Please retype the listing below word for word and exclude its images.

Dataset excerpt
------------------------------

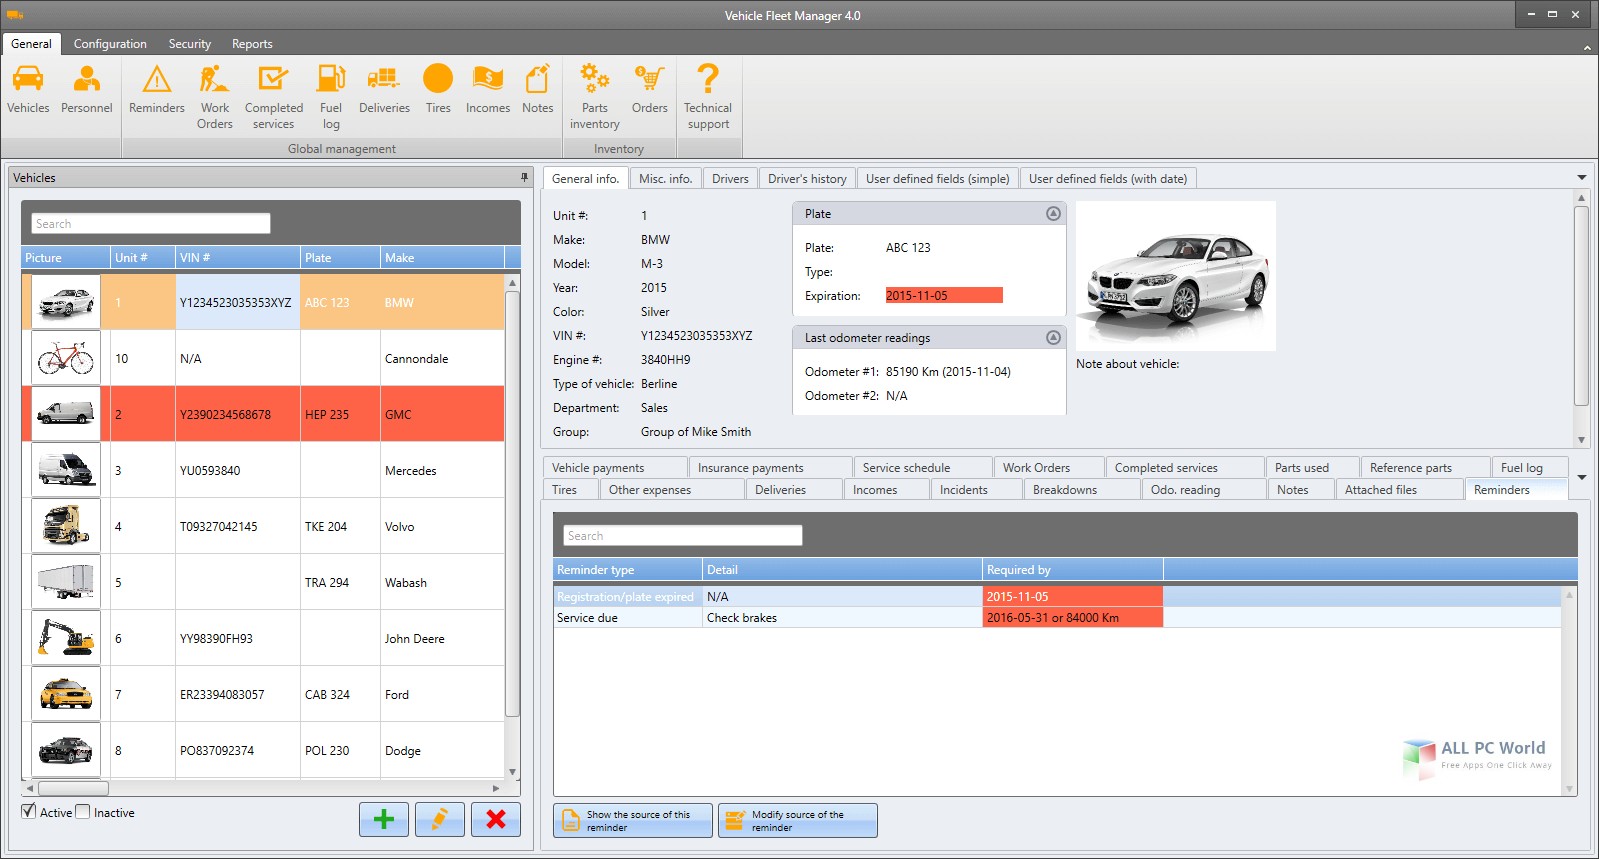 Vinity soft Vehicle Fleet Manager 4.0 Free Download
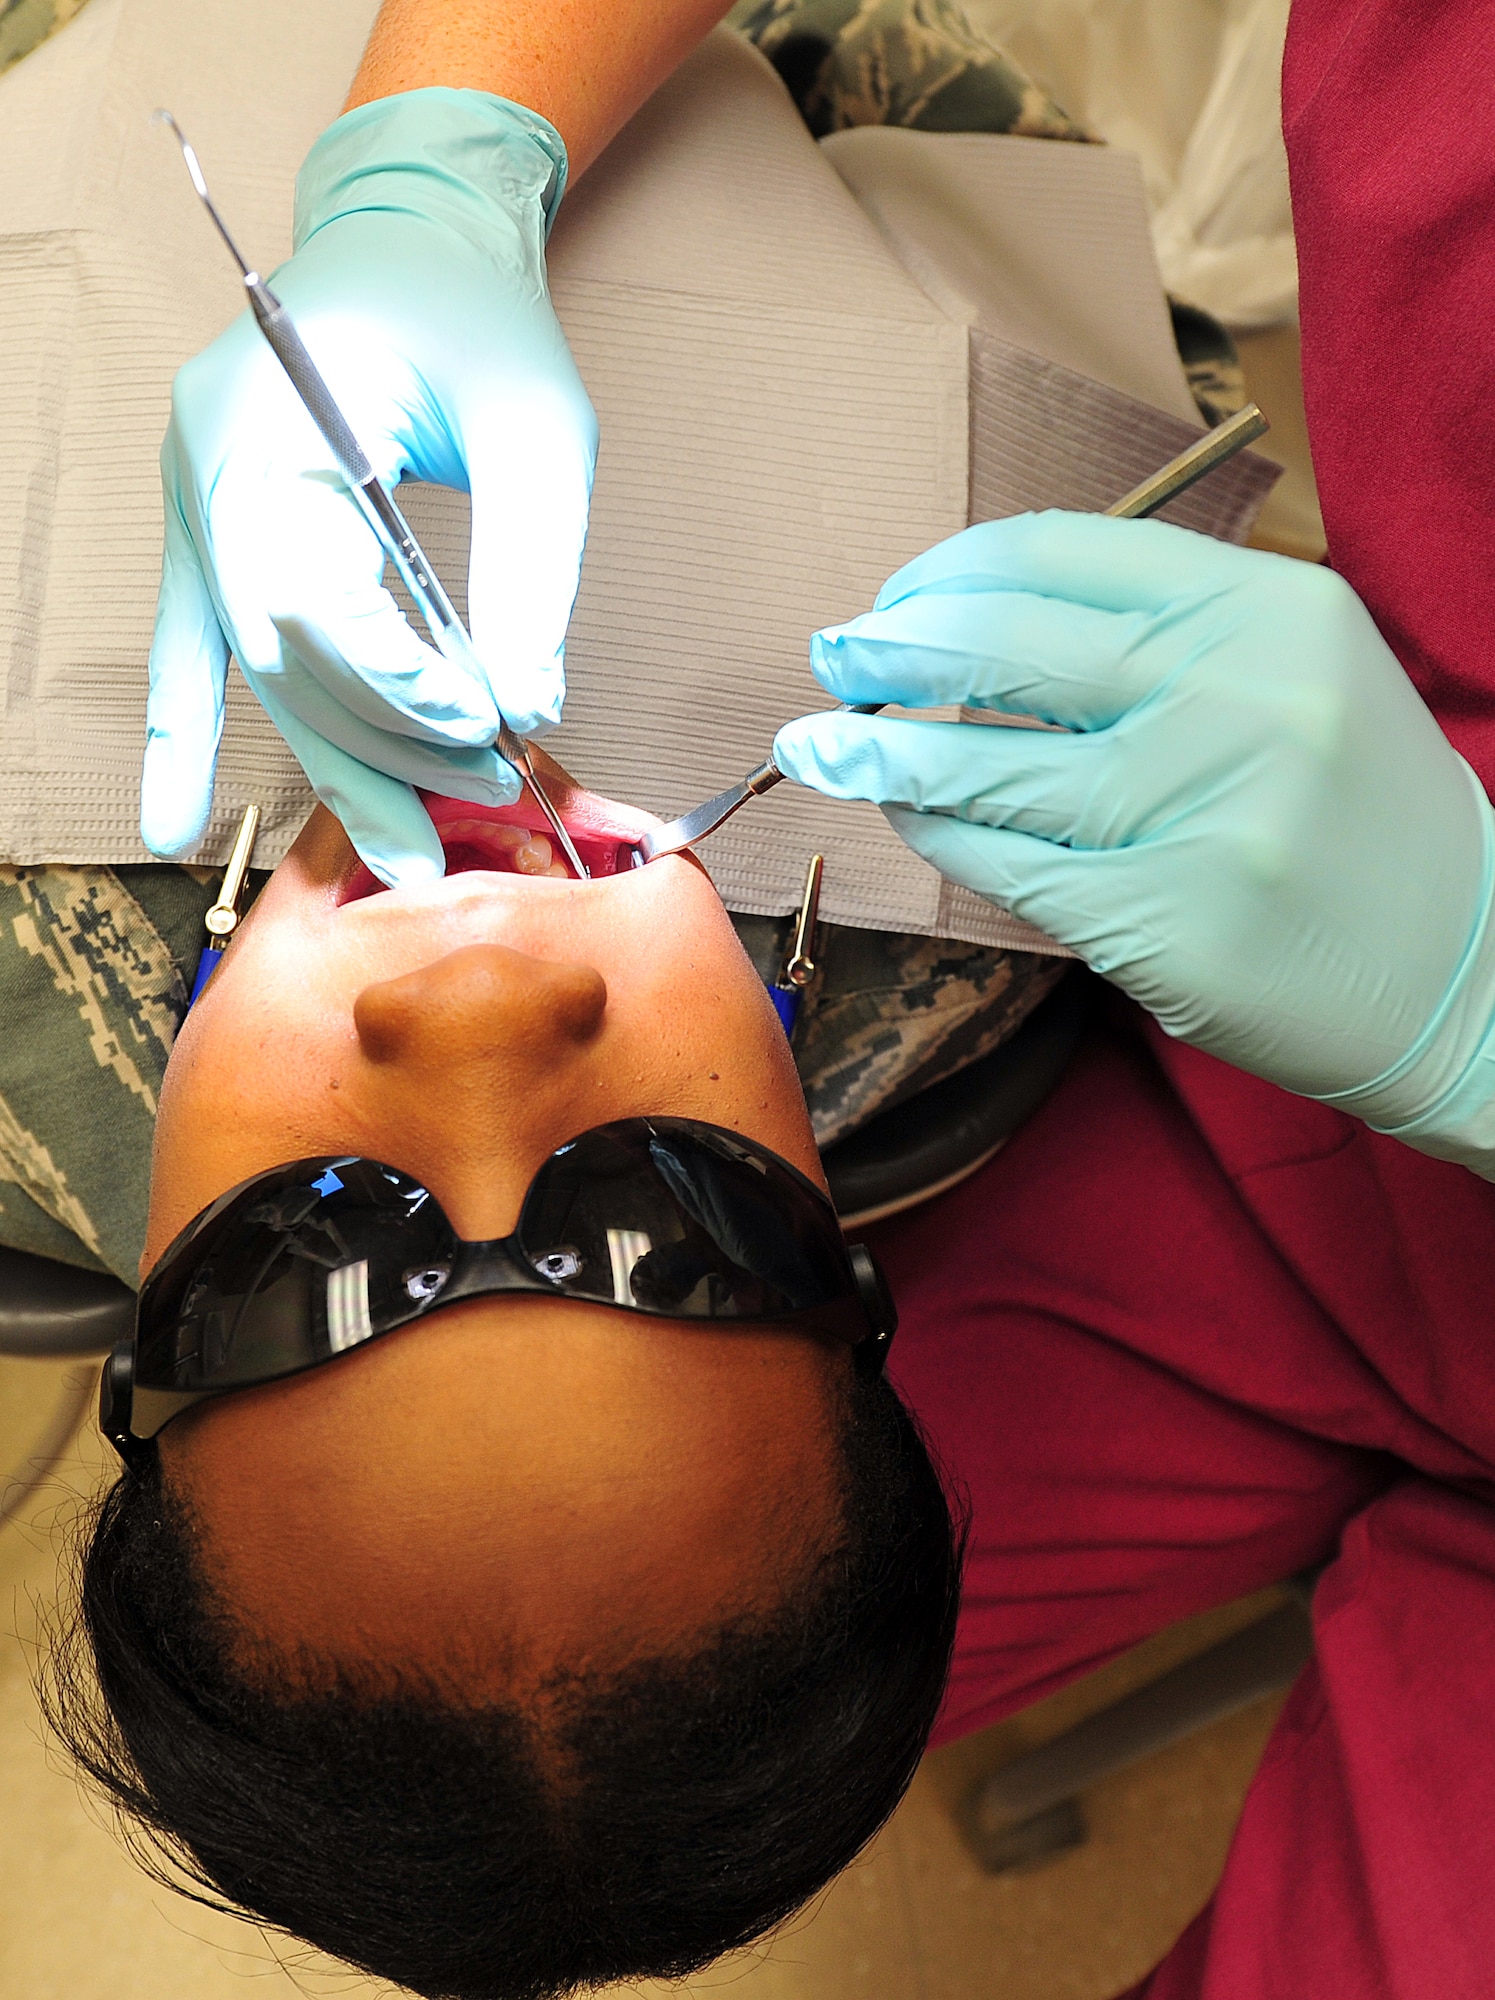 Senior Airman Amy Davey, dental assistant from the 92nd Aerospace Medicine Squadron, performs an annual checkup using a dental explorer, an instrument used for screening for periodontal disease, on Staff Sgt. Jasmine Phillips, member of the 92nd Aerospace Medicine Squadron at Fairchild Air Force Base, Wash., Sept. 28, 2012. (U.S. Air Force photo by Airman 1st Class Taylor Curry)
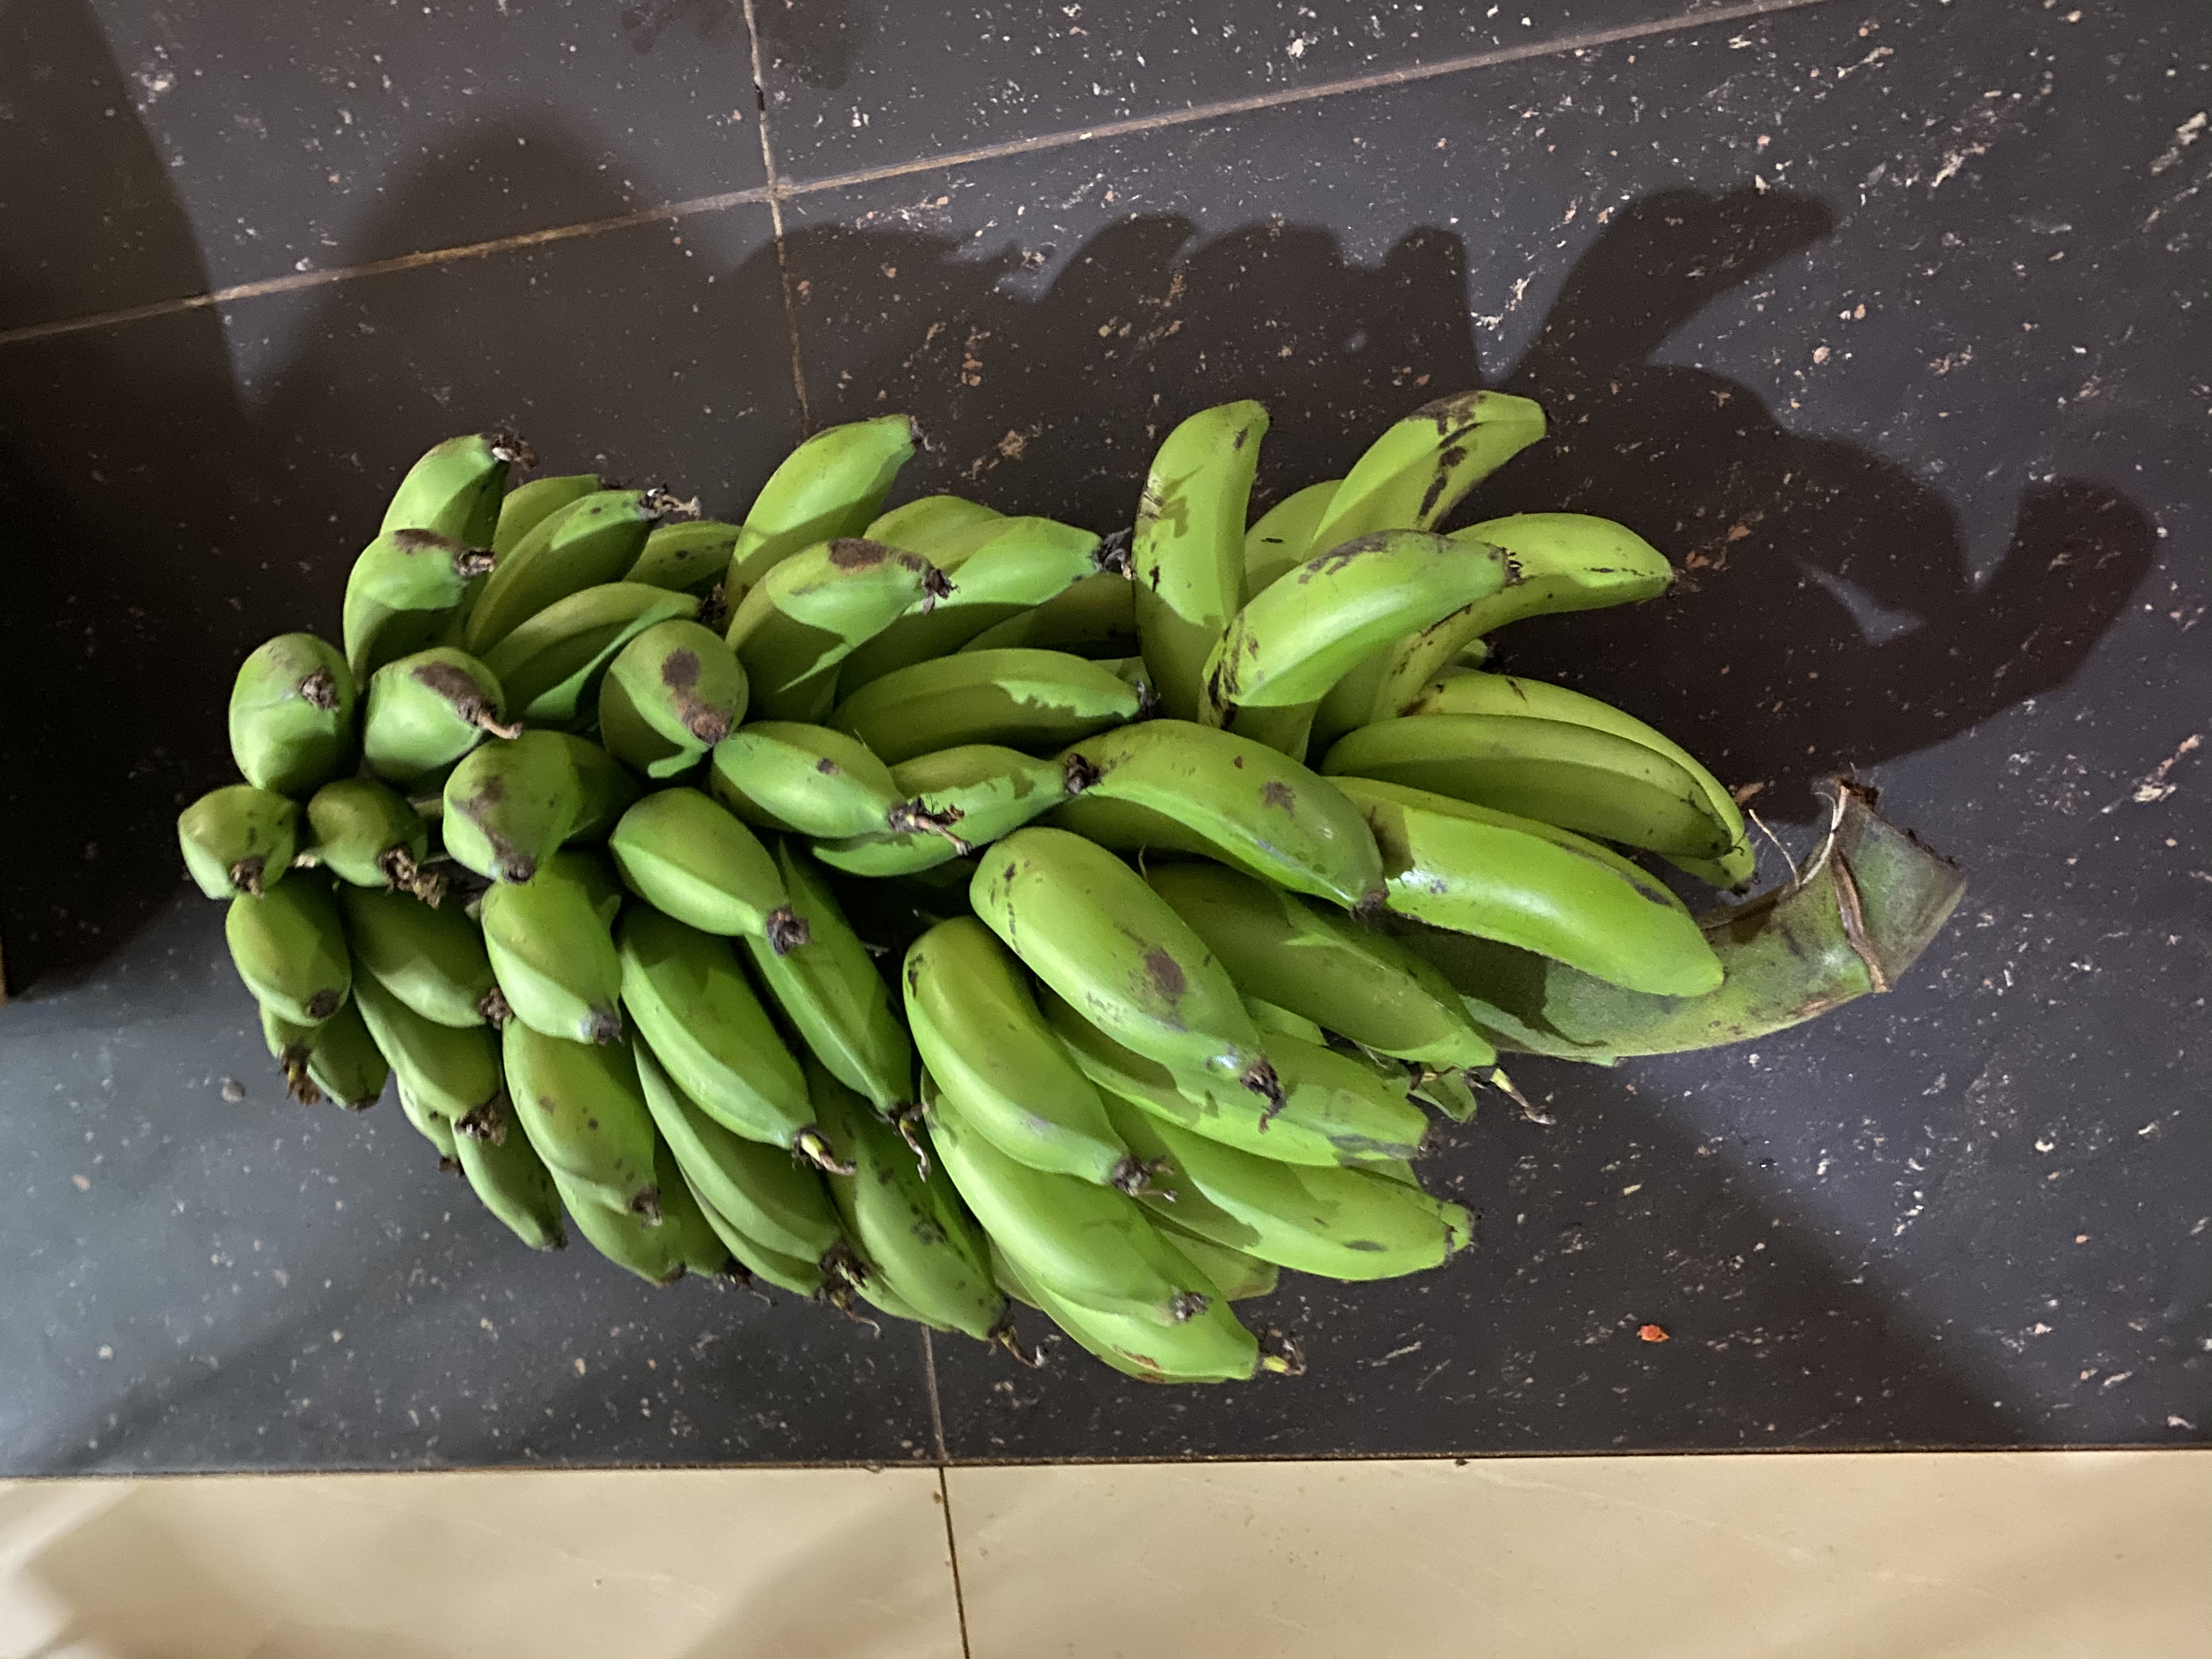 They gave us a lovely bunch of bananas!

------------------------------

Solution
 Vinity soft Vehicle Fleet Manager 4.0 Free Download
 Senior Airman Amy Davey, dental assistant from the 92nd Aerospace Medicine Squadron, performs an annual checkup using a dental explorer, an instrument used for screening for periodontal disease, on Staff Sgt. Jasmine Phillips, member of the 92nd Aerospace Medicine Squadron at Fairchild Air Force Base, Wash., Sept. 28, 2012. (U.S. Air Force photo by Airman 1st Class Taylor Curry)
 They gave us a lovely bunch of bananas!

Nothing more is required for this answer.